HUMANIST LIVING | State-Mandated Addiction Recovery and Race

This is the first in a series of articles this month about alcohol and addiction that are part of the American Humanist Association’s Dry January Challenge.


I spent more than ten years of my life sitting across from my affirming and highly skilled psychologist, Dr. Susan Clemons. Each session we sifted through the relational and environmental trauma I’d endured as early as the first three years of my life. Dr. Clemons, now retired, was an expert at cognitive and dialectical behavior therapy. Her acumen was critical to address the onslaught of ruminations I brought to every session. “But what if I am an alcoholic and I’m just fooling you,” I asked pointedly as she modeled slow and deep breathing. Dr. Clemons would give a slight grin and she would begin cognitive restructuring. It always started with a reminder of my history: “Jasmine, remember that you were forced to attend Alateen meetings when you were still an adolescent… this has led to cognitive distortion regarding alcohol and drugs…” I saw alcoholics and addicts everywhere, all the time, and especially when I was under intense stress. When my environment was overstimulating and my fight or flight response was activated, I would experience a deluge of intrusive thoughts about alcohol and drugs. The cognitive distortions socialized into me by state-mandated Alateen mixed with Evangelical religious indoctrination and became fodder for the obsessive compulsive components of the disordered behaviors I dealt with in my twenties.
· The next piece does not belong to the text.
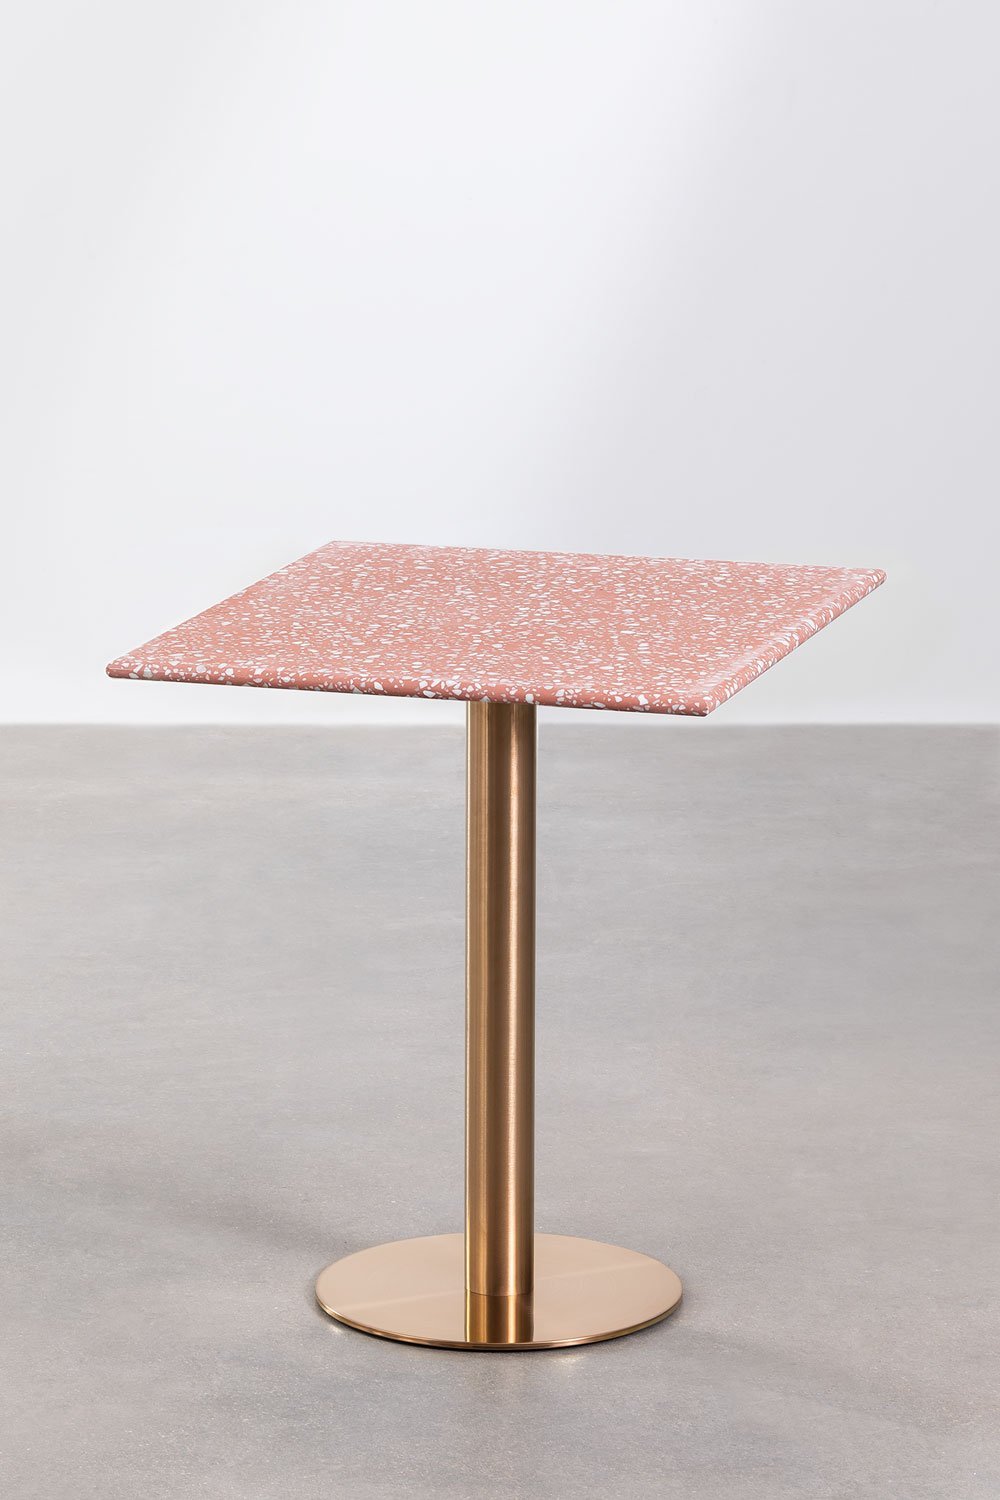 Kwadratowy stół barowy z lastryko (60x60 cm) Malibu, obrazek w galerii 1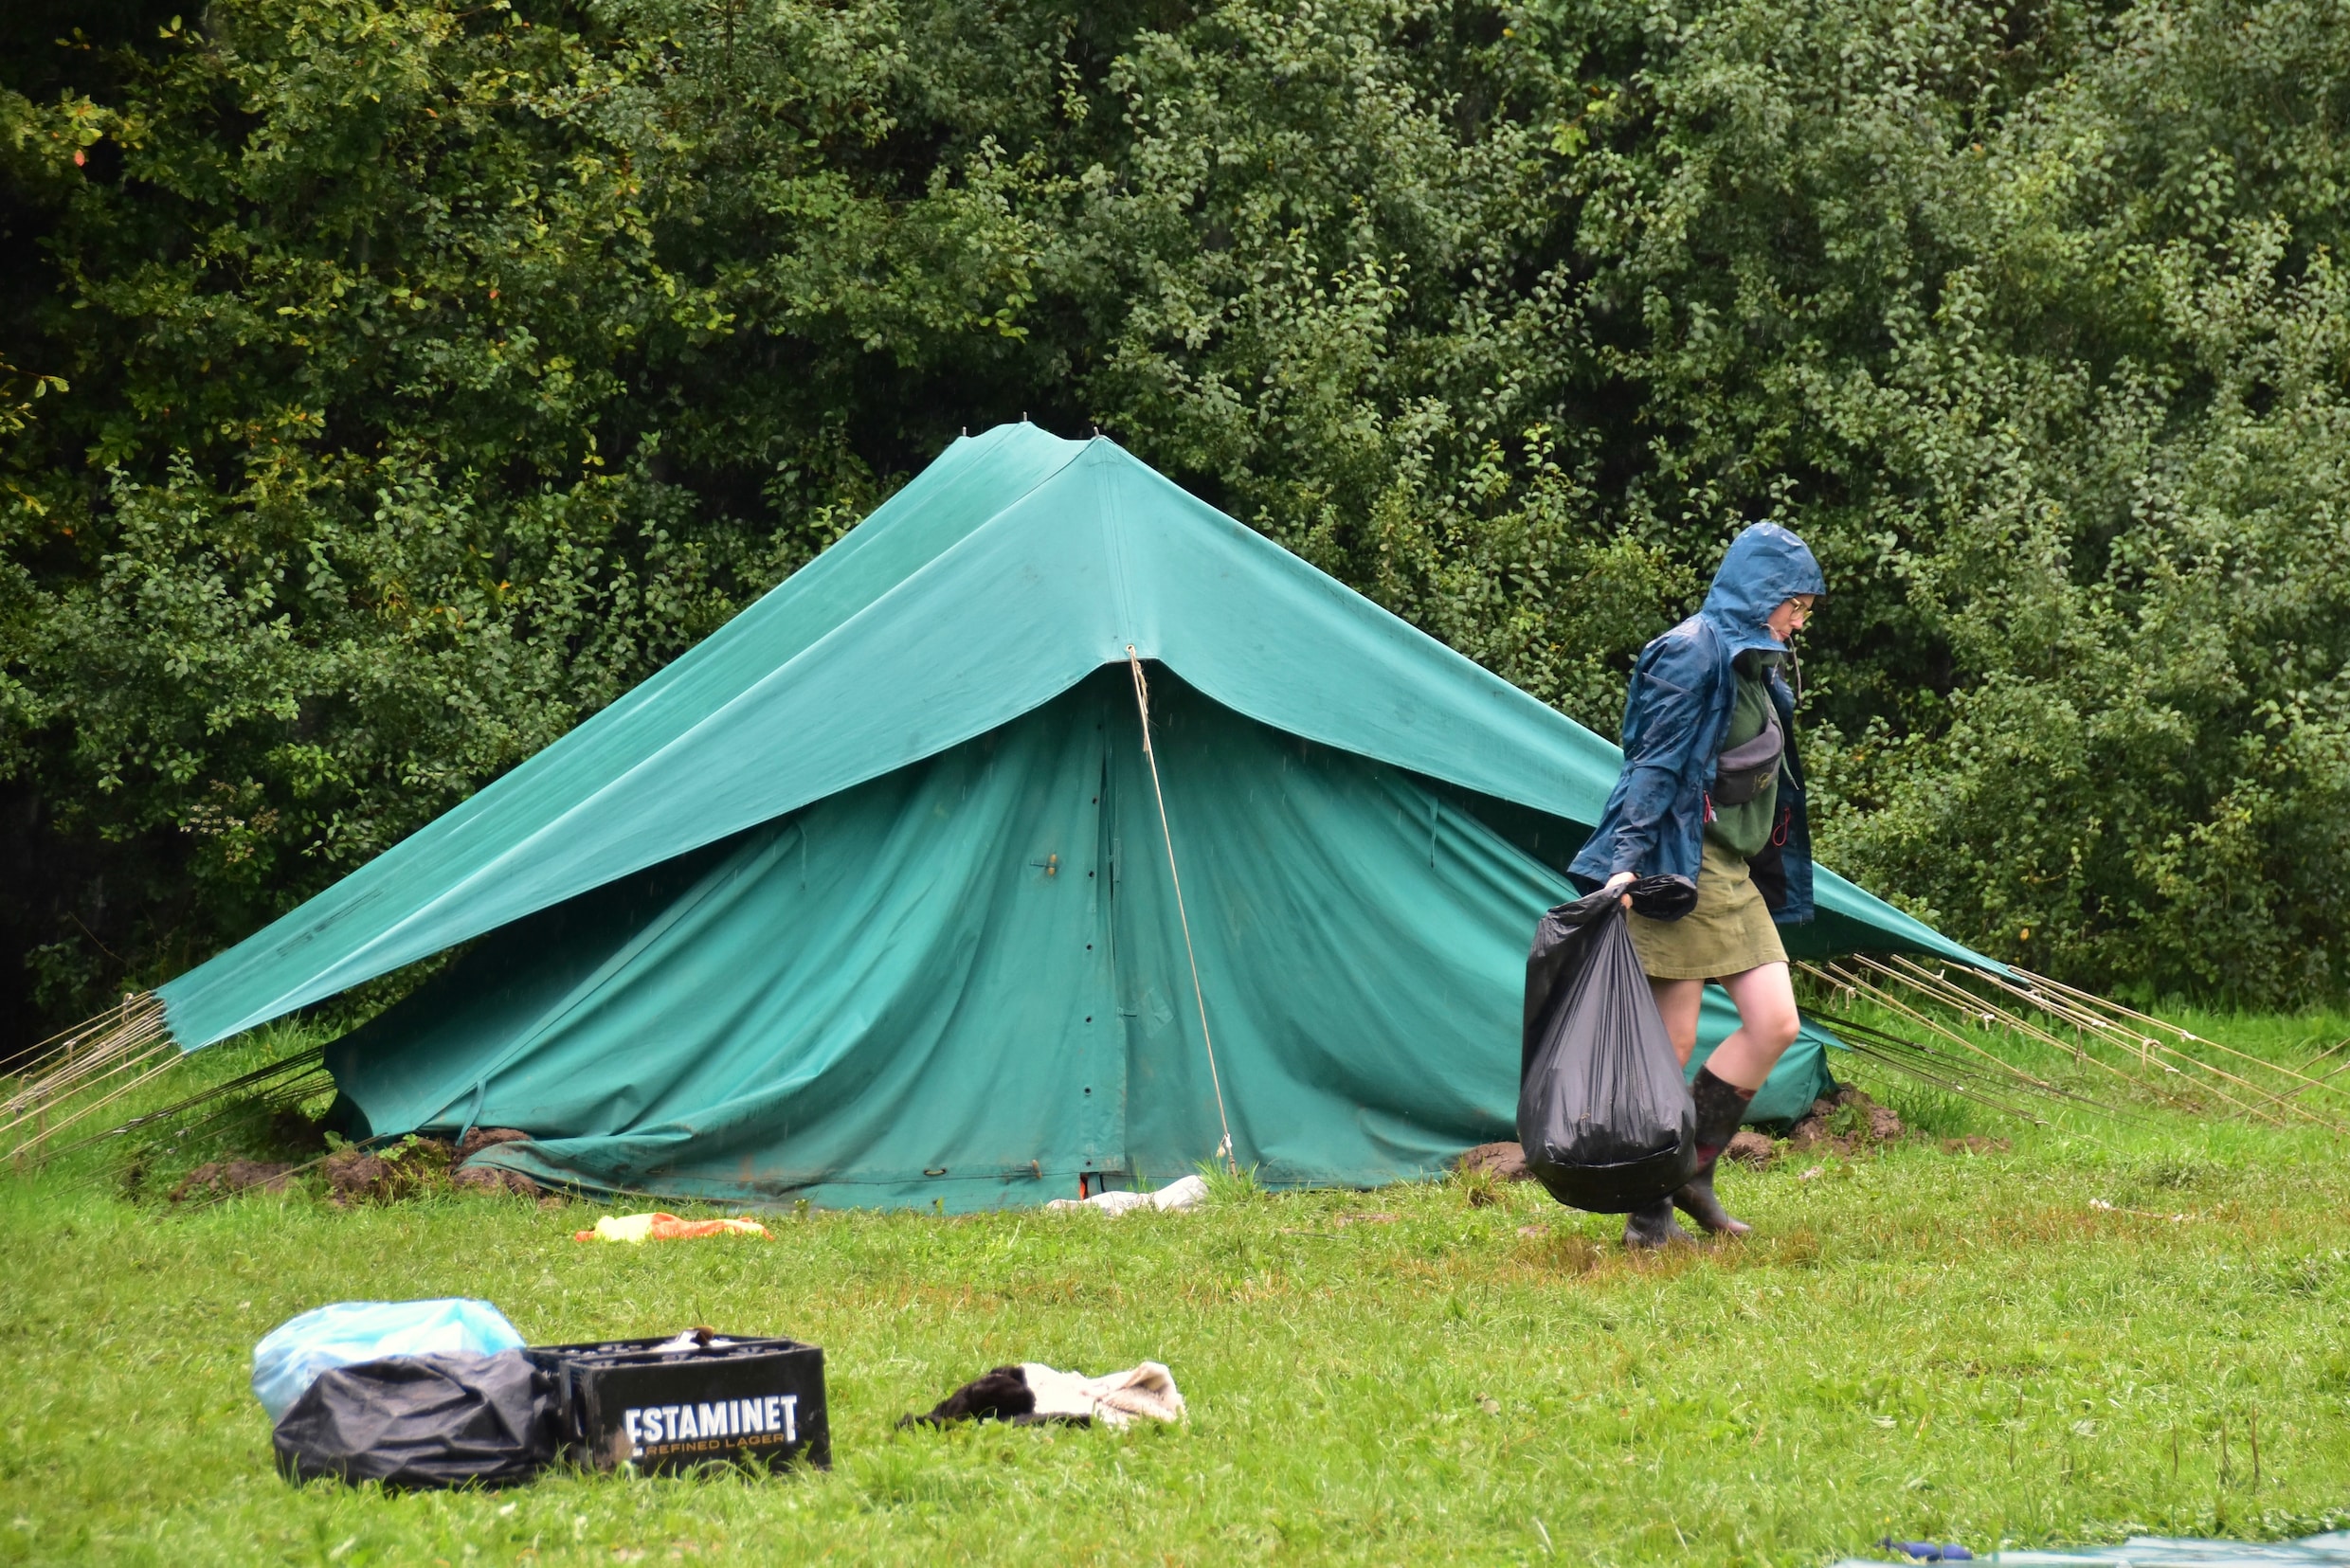 ‘Voelen ons niet meer veilig’: scoutsgroep zet kamp stop nadat leiding gluurder ontmaskert in de struiken

My first Alateen meeting was court mandated. My father, a retired United States Army veteran who served in the Vietnam war, dealt with intense substance misuse disorders since before my birth. He arrived home from the brutality of the Vietnam war with intense and complex post traumatic stress disorder. With no social or psychological safety nets for veterans, especially working poor, African American veterans, my father found relief in cannabis, narcotics, and alcohol. By my sixth birthday he began to display severe substance-induced schizoaffective behaviors. The criminalization of his mental illness, along with the crime of being too poor to register his vehicle he needed to get to his job, resulted in multiple arrests. During one of his court hearings, he was offered a deal: plead guilty for his crimes and accept a mandated family sobriety program. He would be required, along with his wife and children to attend the “12 Step Program” with Alcoholics Anonymous. Knowing another prison sentence would keep him from financially supporting our already impoverished house, he accepted the deal. My father attended A.A., my mother attended Al-Anon (for partners of alcoholics), and my brother (barely 6 years old) and I attended Alateen. For a full year my father would have his sponsor sign the form proving our faithful attendance and return it to his parole officers. On top of the Judeo-Christian undertones of the meetings, our interracial family struggled with underlying norms of white supremacy, classism, and ableism embedded in the A.A. culture

I began drinking alcohol in my mid-twenties under the supervision of my psychologist as a form of exposure therapy. Prior to the completion of exposure therapy, I would drink alcohol and have a panic attack from the triggering effect and intrusive thoughts. I lived in terror that one drink, just as I was taught in Alateen, would turn me into an alcoholic who would destroy my life and the lives of others. On the other side of healing, I understand how inappropriate and harmful it is for states to mandate recovery and sobriety programs and refuse to allow for culturally responsive and non-religious options. Dr. Clemon’s excellent therapeutic care helped me to understand how being taught that my father and I were powerless to this “family disease” created fear-based schema and hypervigilance in an already traumatized child. I have spent the better part of my life rebuilding a sense of agency and empowerment that does not revolve around being the child of an alcoholic. I’ve swapped curiosity and compassionate self-inquiry for judgment, adaptability for rigidity and control.  Many humanists have deconstructed from their social and religious indoctrination, but struggle to rebuild new thought patterns and behaviors.

This January I’ve participated in the American Humanists Association’s Dry January Challenge to bring awareness to non-religious options for recovery and sobriety. On the 18th of January, I hosted a discussion with Khadi A. Oluwatoyin (founder of Sober Black Girls Club) and Joe Gerstein (humanist and founder of SMART Recovery). We explored the nuances and intersections of addiction across race, class, and gender and trouble normative beliefs about addiction that shape so much about our society.

Humanist solutions can and do transform human problems.